Well, I wouldn't have /shim/ in A picking A2, but I wouldn't preclude 
it either. So no complaints.

> Scenario 2: big failure, and everything is wiped out except A4-B4. (From 
> where I sit 99% of all traffic flows through Amsterdam, and most of that 99% 
> over the AMS-IX. A nice big power failure there really hurts my 
> connectivity.)

Ha, an AMS-IX outage would hurt me too ;). There are intra-Ireland 
paths that actually go via european IXes, typically LINX but I've 
seen AMS-IX paths too. A lot of european traffic goes via IXes.

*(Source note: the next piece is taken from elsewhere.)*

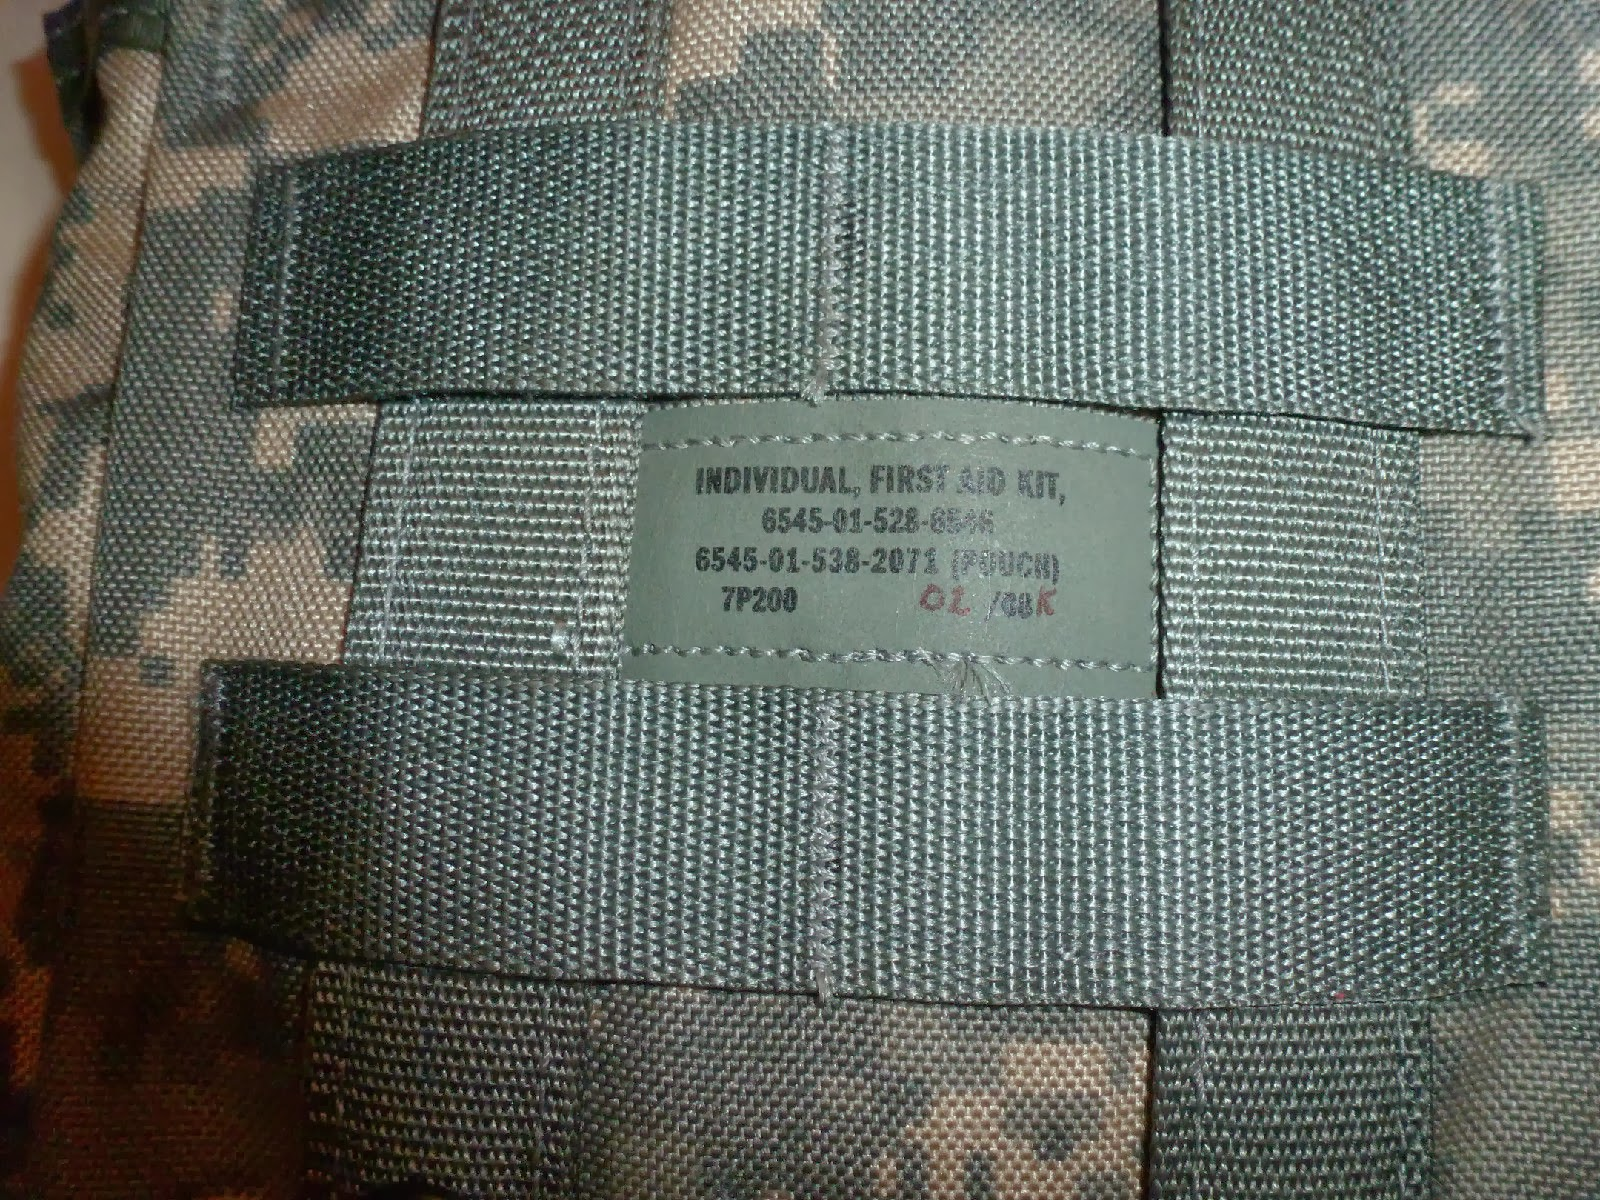 Webbingbabel: U S  Air Force Individual First-Aid Kit (IFAK)

BTW: Note that I strongly disagree with trying to solve all the 
internet's routing problems by making every end-host do n^2 probing.

> So A tries:
>
> A1-B2
> A2-B1
> A1-B3
> A3-B1
> A1-B4
> A4-B1
>
> and on and on and on, until it eventually determines that A4-B4 works.
>
> You don't want this to happen. So what's the alternative? Give up after the 
> second try? The fourth? The n^2/2th?

IMHO, you should only try:

(unspecified) -> B1
(unspecified) -> B3
(unspecified) -> B4

In my universe (which happens to correspond vaguely to how the 
internet works today ;) ), when AMS-IX dies, within 1 to 3 minutes or 
so, your ISP, in conjunction with other ISPs start propogating 
WITHDRAWs and UPDATEs and converge so that packets flow again.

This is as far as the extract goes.